I am not sympathetic to her wishes not being met because she has disregarded for years my feelings and wishes on how she interacts with guys at her work. 
My idea of appropriate behavior with male co-workers when you are married, being ignored and not being considered lead to my attitude. 

Knowing that she is anti-pot and wishing to respect our home I kept it out of the apt for the most part but have to bring my piece (pipe) into the house every now and then to re-load. 
On one of those occasions I got caught with it in the house and she had a fit, taking away sex as a punishment at first and since has claimed to not having gotten over "what I've done to her". 

Fair enough, I agreed and so left her alone until I found out that she had been doing shady stuff behind my back.
I had always suspected that the inappropriate behavior with her male co-workers was still going on, her closing her Facebook account out and giving me a lame excuse as to her reason for closing it, let me to investigate further and I found out that she had been lying to me too.

I confronted her about this and her attitude towards me changed, she then was all over me but I was not ready to have sex with her because now I'm disgusted with her touch.

Before Marriage and a baby we used to do it all the time, I used to even get head. All that changed to the after marriage usual of once every couple of months, three max between sessions.
So I'm used to not doing it that often, and she completely stopped BJ's after marriage except for once or maybe twice a year and never till finish. Sex since marriage has sucked anyway and so I don't really care about her not wanting to give it to me, it's just the principle at this point.

In response to the rest that had the comment about not bringing home a disease from visiting a professional.
No, worries there, I will be going to a state where they regulate and the women are tested, plus I will use a condom.
Besides, just for the record, she is the one that has cheated on me before and didn't bother asking that guy to wear a condom, I didn't get a disease (thankfully) but she did get pregnant and didn't know who's it was, luck for all of us that she had a miscarriage and so we didn't have to go on a talk show to find out who the father was.


----------



## QuitaBee (Aug 11, 2009)

carmaenforcer said:


> *QuitaBee*, I assume that your question was directed to the original poster.
> 
> Just for a re-cap on how I arrived at "my" situation though, to serve as a reference for those wanting to respond about my situation and would like "the facts".
> 
> ...


WOW!!!!! Right a book...seriously....<----this is not sarcasm


----------



## Lizzie60 (Sep 13, 2009)

I know, because I'm a woman, that MOST women lose their libido as they age... and WHEN they've been with the same man forever.. men don't but women do.. must be the testosterone.. :lol:

I bet anything that if she would fall for a new guy her libido would be back and just as strong as a teenager.. :smthumbup:

Trust me.. I know.. I am in my mid 50s... and my libido is higher than ever.. but I'm single.. and very active sexually.

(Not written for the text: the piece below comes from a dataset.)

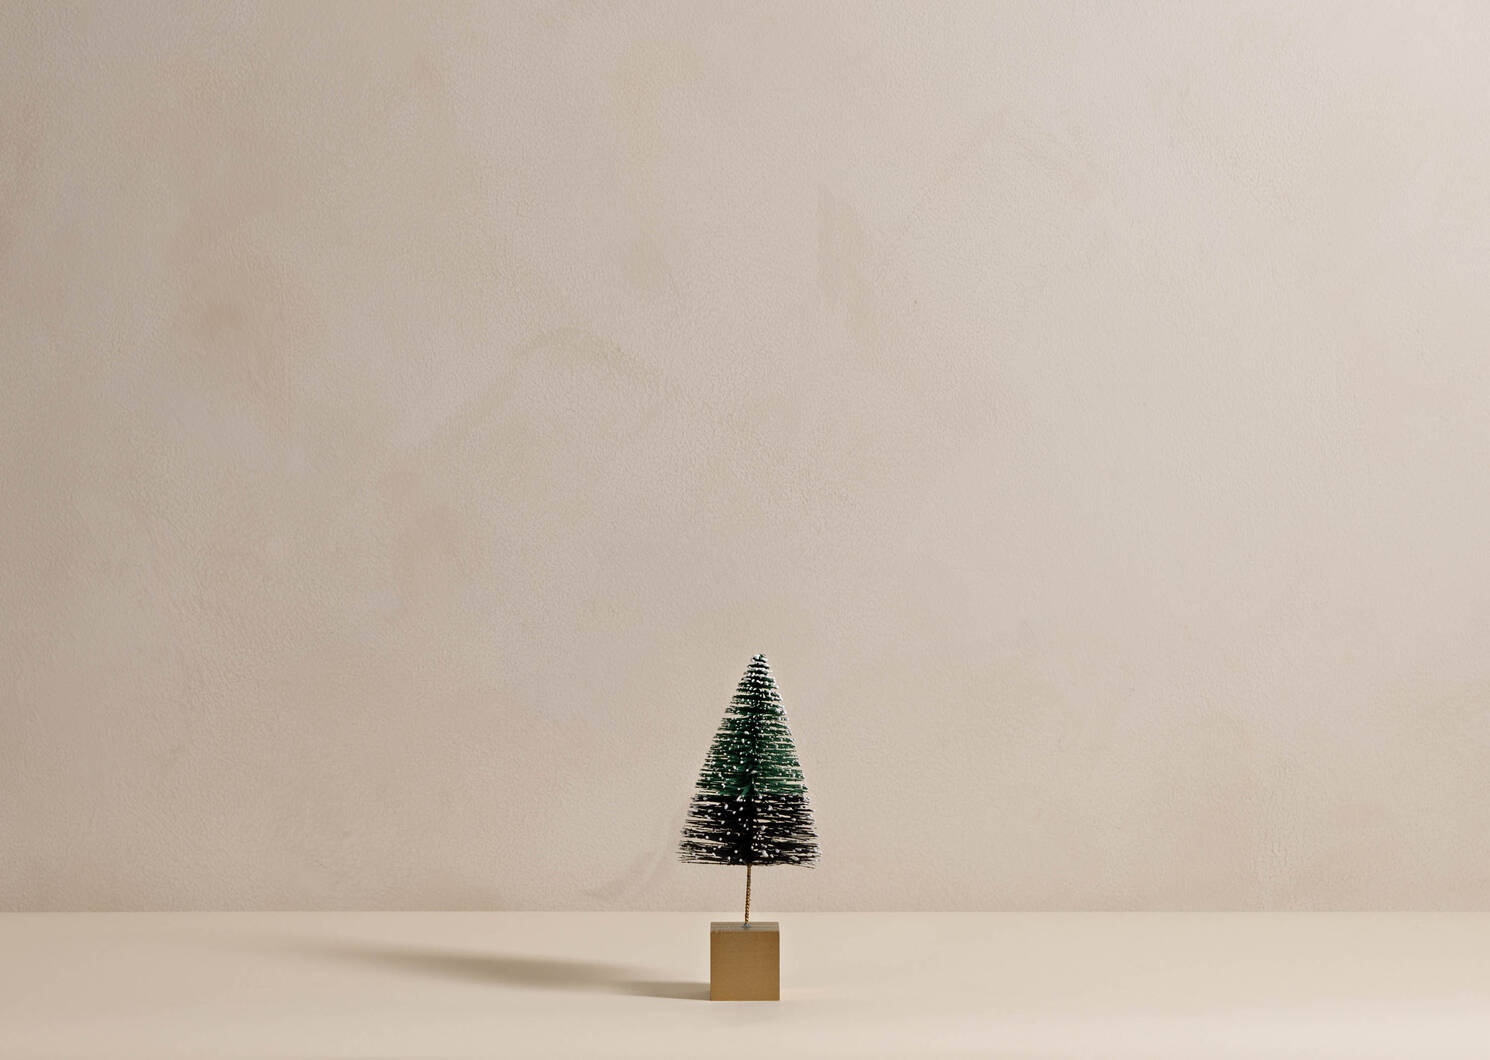 Byrne Bristle Christmas Trees

To go outside your marriage is an alternative.. if you're willing to 'gamble' your marriage or if you're being extremely careful about it.. I bet you don't want to find yourself splitting half of everything and start all over again.. 

I am a massage therapist (and will do more if asked)... and most of 'my' guys are married and have been coming over for the past 7 years.. (from when I started)... 

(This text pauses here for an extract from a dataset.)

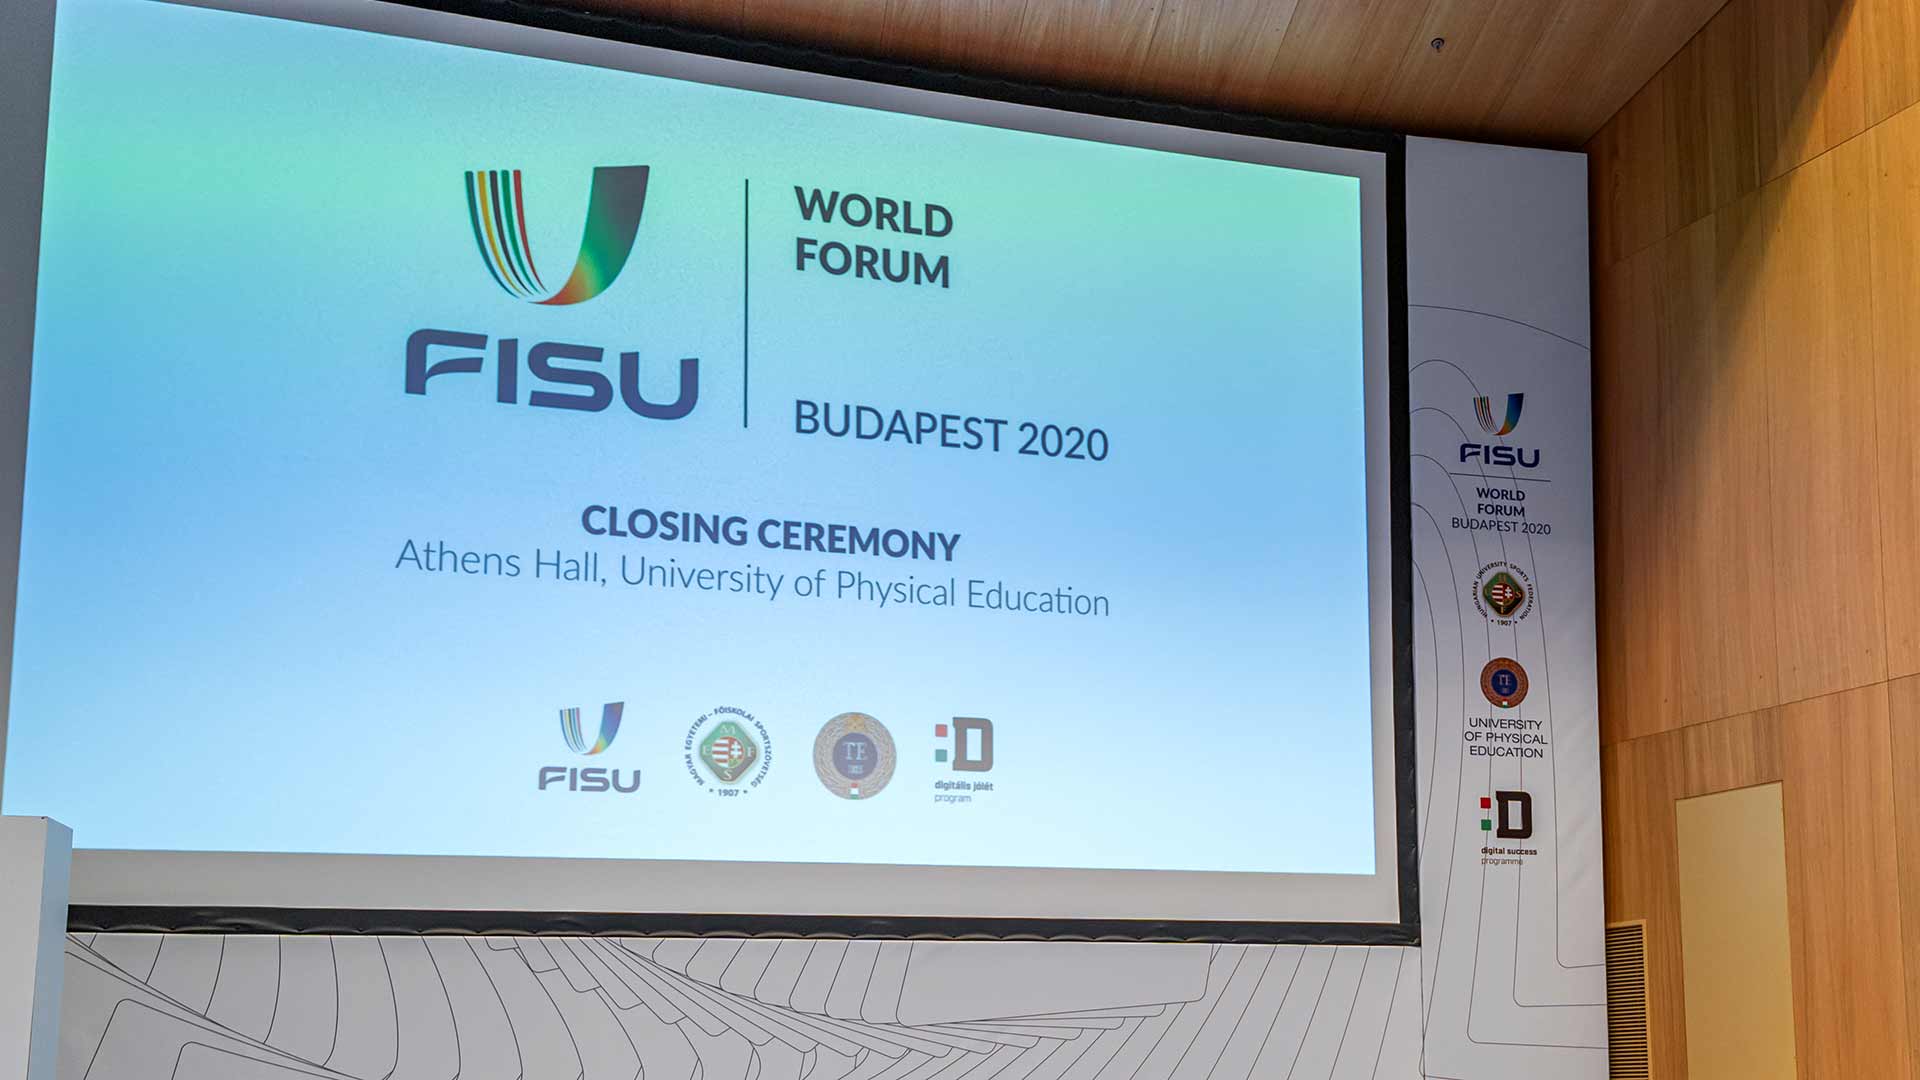 2020 FISU World Forum ends in Budapest

Lots of men do it.. you won't be the first and certainly not the last.. 

You can have a serious talk with her.. but I doubt anything will change.. sex is the last thing on her mind..


----------



## carmaenforcer (Mar 7, 2008)

*Lizzie60* 

I know that this is a common problem, but it still bothers me that it even exists or that women (the ones married to these men) act like this dynamic doesn't exist. 

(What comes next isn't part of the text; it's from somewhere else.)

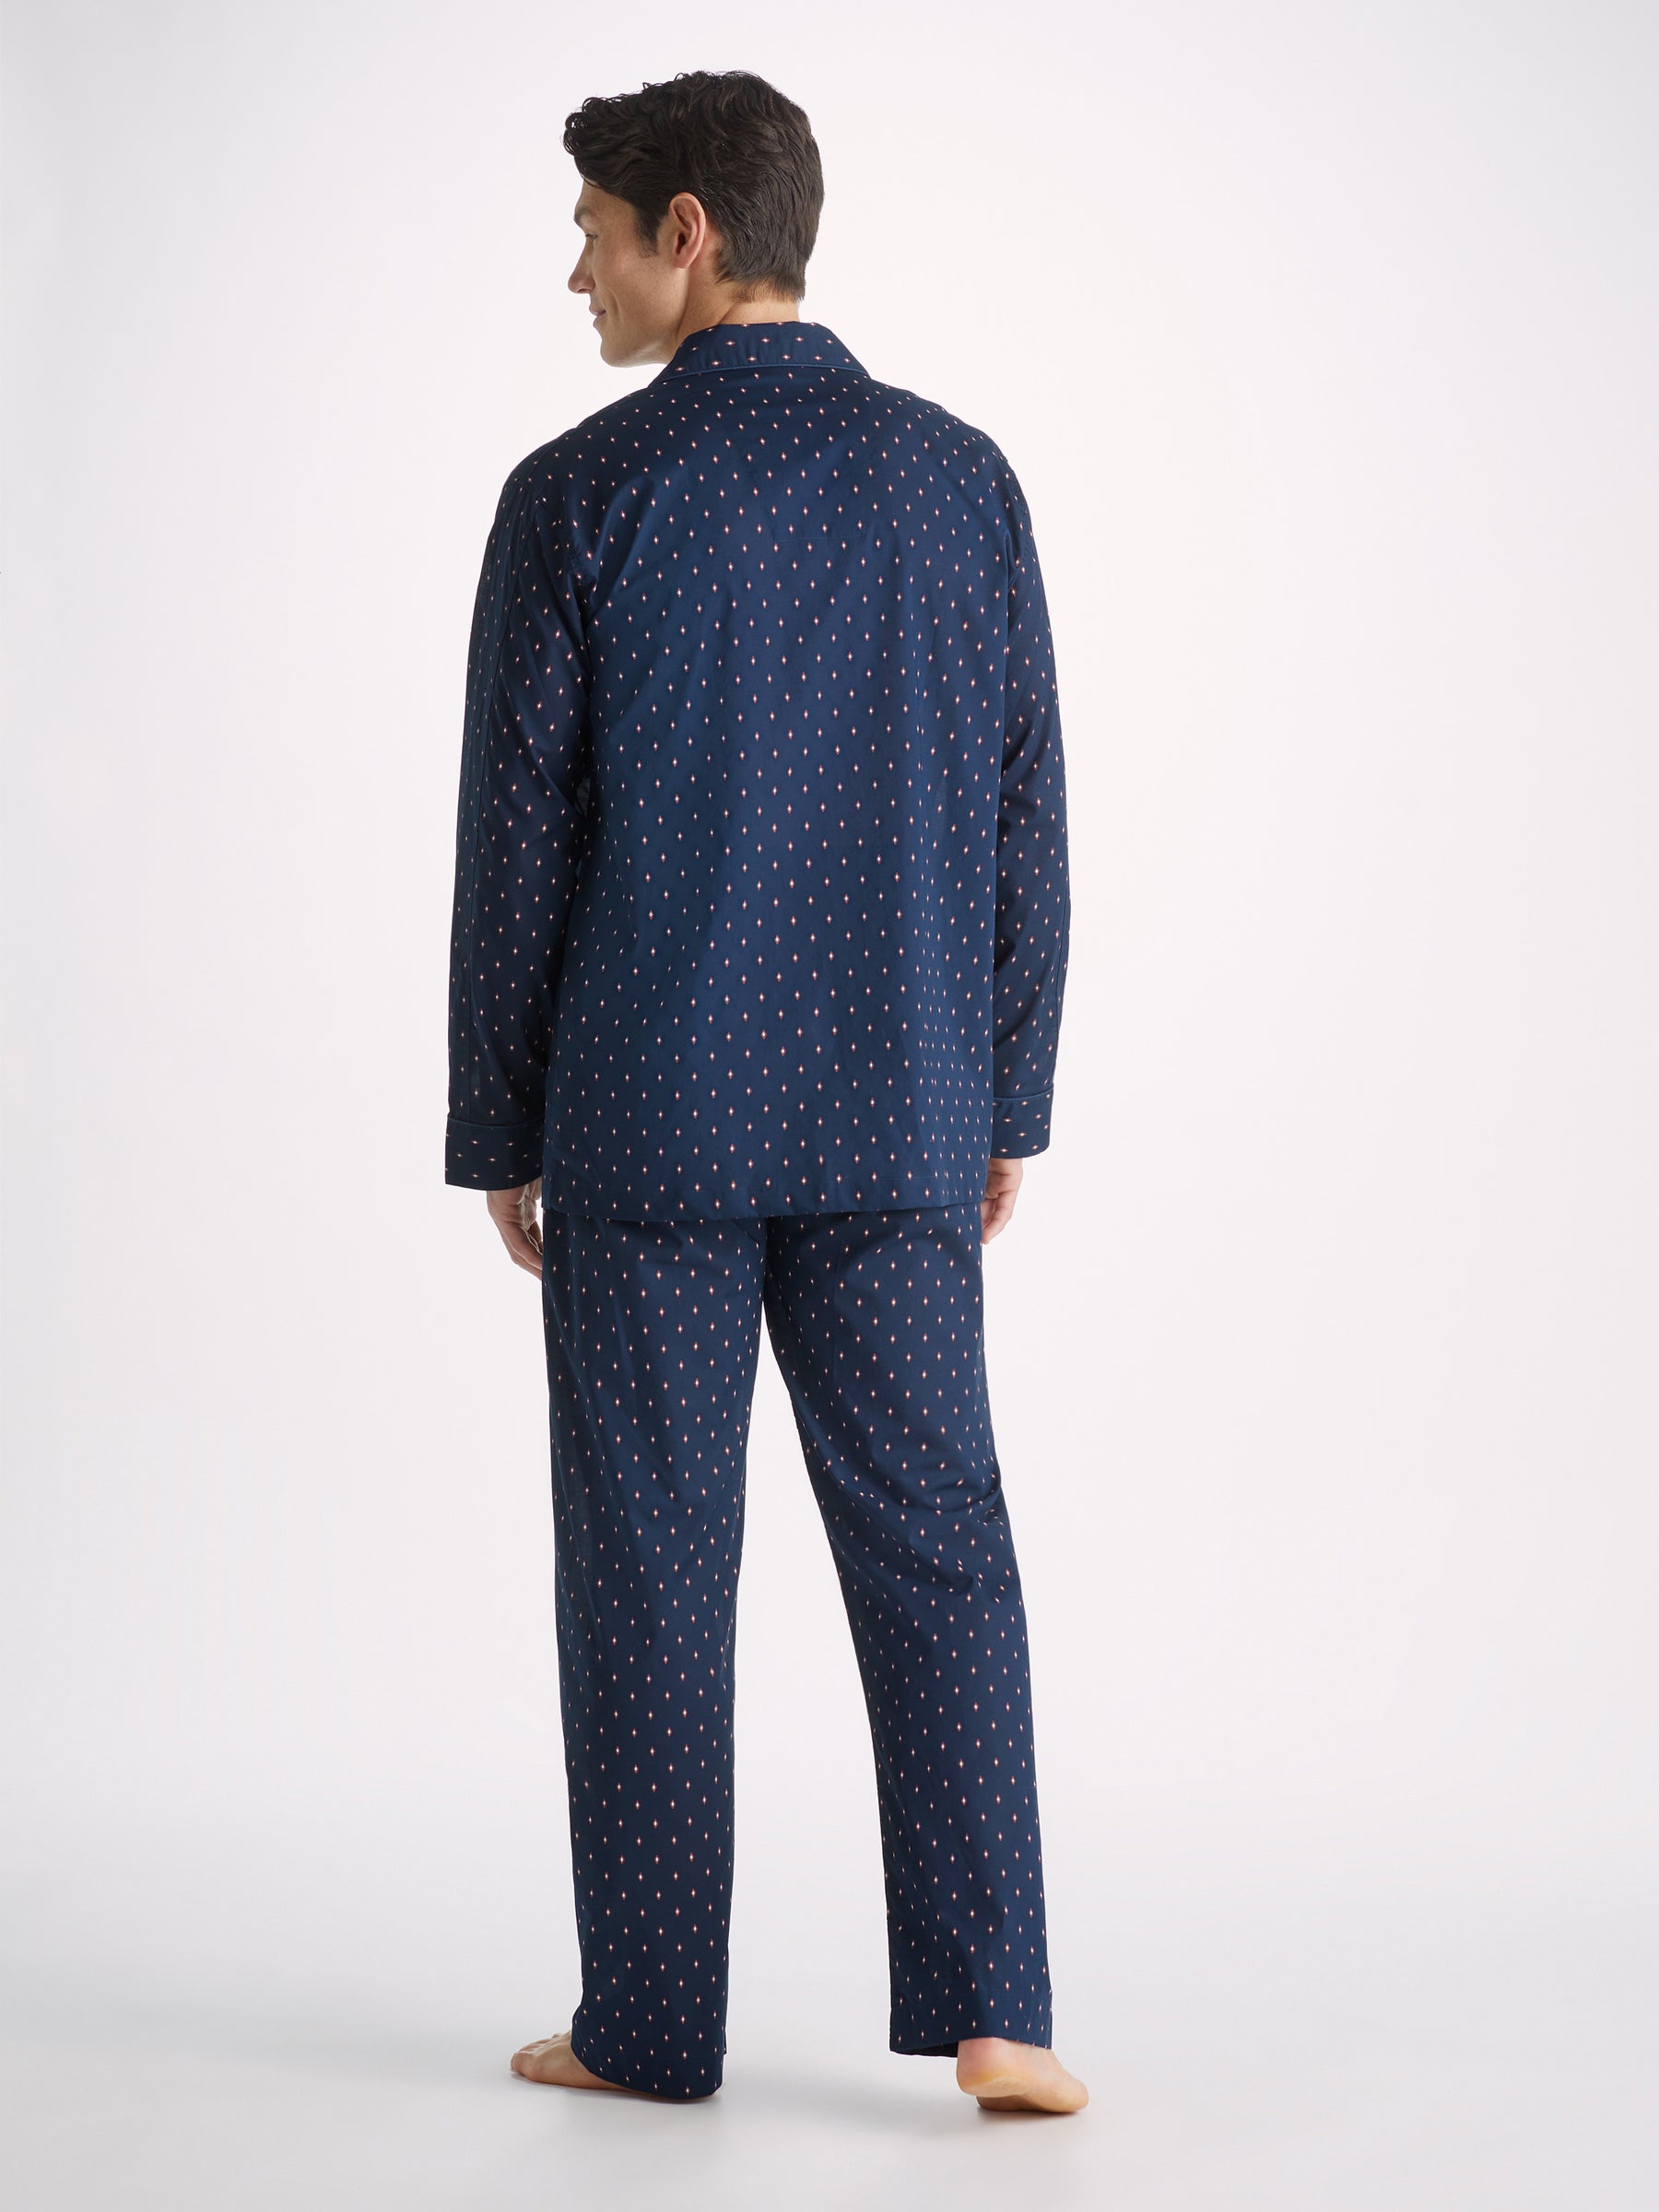 Men's Classic Fit Pyjamas Neslon 96 Cotton Batiste Navy

I guess maybe these guys that come to you for this extra service aren't bothering their women about sex anymore, huh.

See, problem solved. 

I saw this episode of that show that spotlighted the bunny ranch, showed the inner workings of the brothel, and those women also said that a lot of "married" guys went to them for BJ's, because their women won't. 

That was me at one point, not I think I need more.

Whatever the case, sex is just sex for most of us men and so can be done as part of a massage session without it ever affecting their "love/feelings" for their wives. 
Man, I see it now, a relaxing massage and make it home in time to cook dinner for the Wife that never learned to cook, play with my baby because she just ignores him and go to bed without bothering my her for sex. 
Wow, I honestly envy your clients. 
I hope I can get that kind of situation going someday for myself. 
I think my Wife would benefit from my less stressed daminer and I can move forward being the good husband I have been already but without feeling like a sucker.


----------



## Lizzie60 (Sep 13, 2009)

Yes some men only want BJs cause they had it in the first months and never got them after... LOL

and yes.. when they are 'regulars' I think it solves their problem about sex at home.. they don,t have to nag about it anymore.. they get it on the side.. with a woman they trust and enjoy sex with... 

and us... the OWs can be kinky.. we dress up in sexy lingerie.. put on nice soft music, candles... perfume.. etc.. and we do things with them that they haven't done in ages... 

It's all good.. for everyone.. I guess... 

Like you say.. sex is sex.. for most men.. they don't get emotionally involved with me.. but some do.. (they eventually leave)... and some just get very close.. like a 'best friend' with benefit$ kind of relationship... it's all good.


----------



## carmaenforcer (Mar 7, 2008)

Well what ever the case, I can honestly say that you have brightened up my otherwise drab existence with your open mindedness and willingness to do something positive. 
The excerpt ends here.